Identification Strategy

To identify the effect of the reform, the basic idea is to compare the change in fertility in the treatment region (Northern Troms) to the change in the fertility in the comparison region (Southern Troms). If trends in the two regions are parallel prior to the reform, but differ from the onset of the reform, this indicates a reform effect on fertility.

An alternative way to describe the relationship between economic resources and fertility would be to correlate e.g. earnings, measured at the individual level, with fertility (see e.g. Hart (2015)). A challenge with this approach is that individuals with high earnings differ from individuals with low earnings also in aspects other than earnings that are relevant to fertility—e.g. they may have different preferences and abilities. This gives a risk of omitted variable bias (Angrist & Pischke, 2009). Using an explanatory variable with “quasi-random” variation from policy reforms can handle such omitted variable bias, getting us closer to the causal effect of economic circumstances on fertility (Duncan, 2008). However, as with any methodological approach, ours has limitations. Most importantly, we will capture effects for those who are at the margin of having another child, and for whom money is a relevant constraint. While this does not give a complete picture of the relationship between economic circumstances and fertility, it can be quite informative on the scope for policy change to impact fertility.

Statistical Model

We estimate difference-in-difference (DD) and event study (ES) models, which pertain to an ordinary least squares (OLS) or linear probability models (LPM) including fixed effects (i.e. a set of dummy variables) for region and year. The fixed effects net out change over time that is shared across regions, and any region specific factors that affects fertility but are constant over time. The main DD-specification takes the following form:

$$\begin{aligned} \begin{aligned} Y_{i,t}&=\alpha +\beta _{Ref_{i,t}}X_{Ref_{i,t}}+ \sum _{a=20}^{a=39}\beta_{Age_{i}}X_{Age_{i}}\\&+\sum _{m=1}^M\beta _{Muni_{i,t}}X_{Muni_{i,t}} +\sum _{y=1984}^{1997}\beta _{Year_{i,t}}X_{Year_{i,t}}+\varepsilon _{i,t} \end{aligned} \end{aligned}$$
(1)

\(X_{Ref}\) is a dummy taking one for reform women in the reform period, so that \(\beta _{Ref}\) captures the effect of the reform on the outcome Y. \(\beta _{Age}\) are dummy variables for age in years at implementation. \(X_{Year}\) are dummies for year, \(X_{Muni}\) are dummies for municipality.

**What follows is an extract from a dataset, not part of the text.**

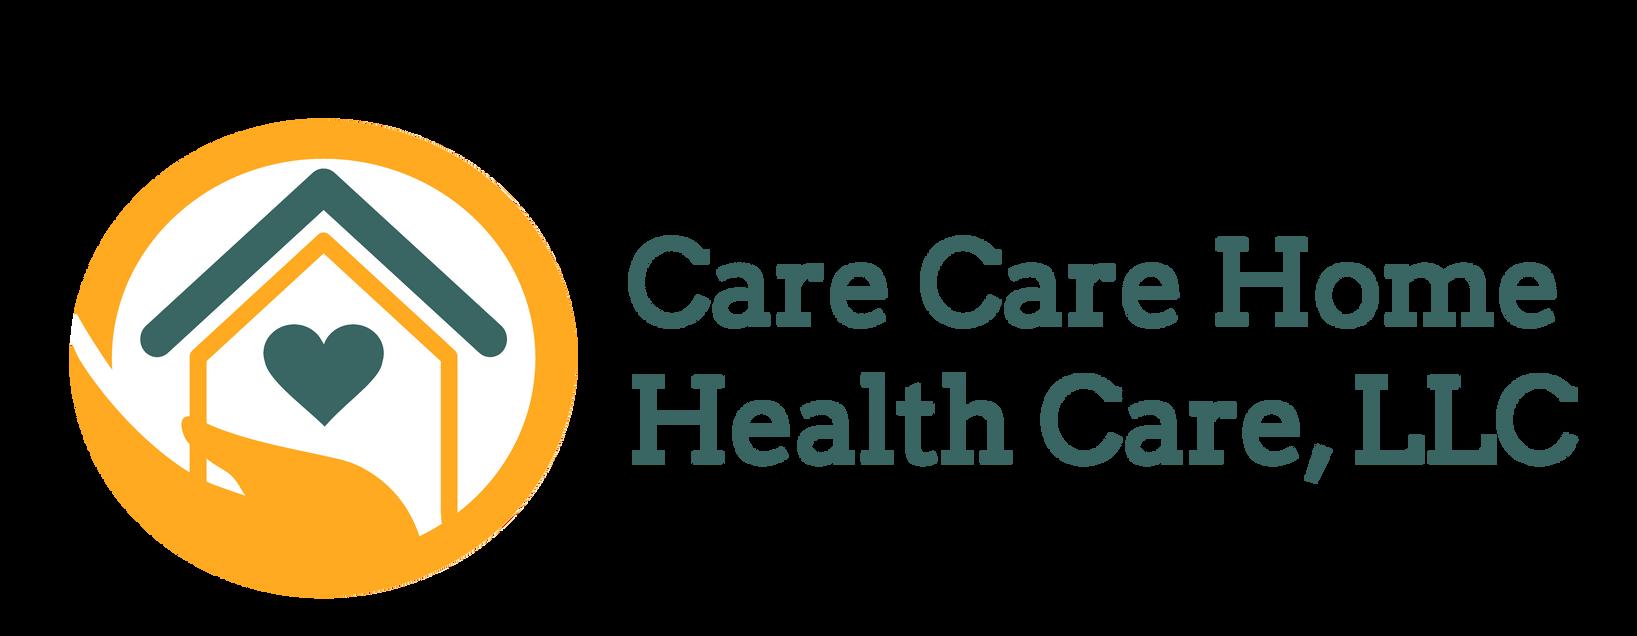 CC Logo11-10.png
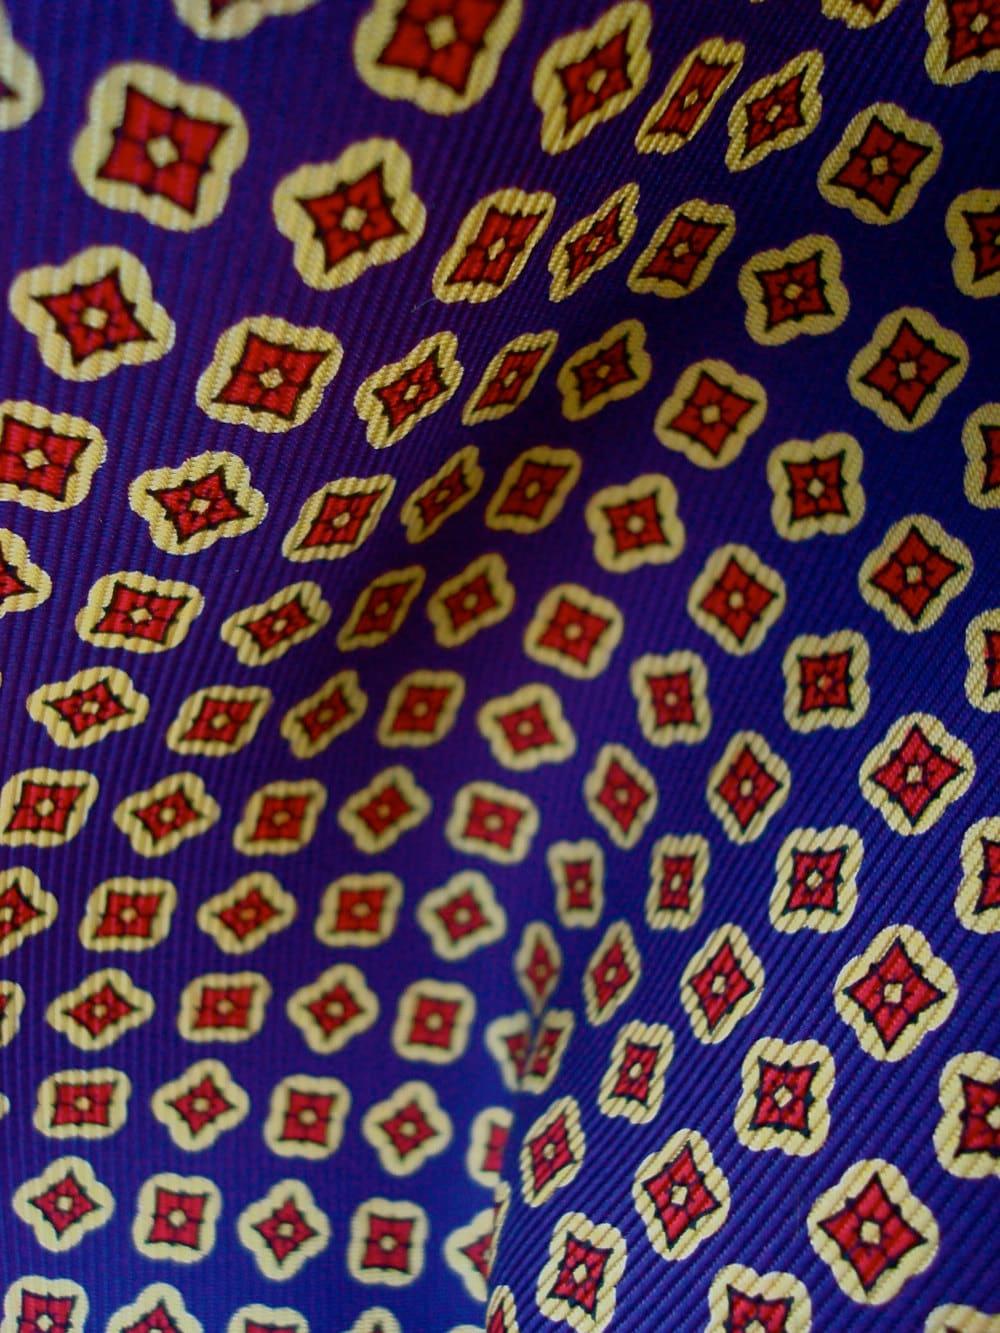 Printed Tie Silk Fabric A by WideEyedGirls on Etsy

If the trends in fertility across the region are similar (absent the reform), Eq. 1 identifies the reform effects. To formally test whether pre-trends are similar, we also estimate event study models (Roth et al., 2022). These models also allow for dynamic effects (i.e. effect variation by year), and take the following basic form:

$$\begin{aligned} \begin{aligned} Y_{i,t}=&\alpha +\sum _{dur=-4, dur \ne - 1}^{9}\beta _{Dur_{i,t}}X_{Dur_{i,t}} + \sum _{a=20}^{a=39}\beta _{Age_{i}}X_{Age_{i}}\\&+\sum _{m=1}^M\beta _{Muni_{i,t}}X_{Muni_{i,t}}+\sum _{y=1984}^{1997}\beta _{Year_{i,t}}X_{Year_{i,t}}+\varepsilon _{i,t} \end{aligned} \end{aligned}$$
(2)

The variable of interest is now based on a measure of duration since the reform year (1988) in years in the reform group. From this measure, we construct a set of dummy variables taking 1 for each duration, e.g. for observations of women in the reform region in year 1992 the variable \(X_{Dur=4}\) takes one, and all other duration dummies take zero. Following convention in event study modelling, women in the comparison group are assigned − 1 on the duration variable, and the dummy for \(X_{Dur=-1}\) is the omitted reference category. As the model includes time and municipality fixed effects, as above, the duration variable captures whether, and if so how, the trend in the reform region deviates from the trend in the comparison region, year by year.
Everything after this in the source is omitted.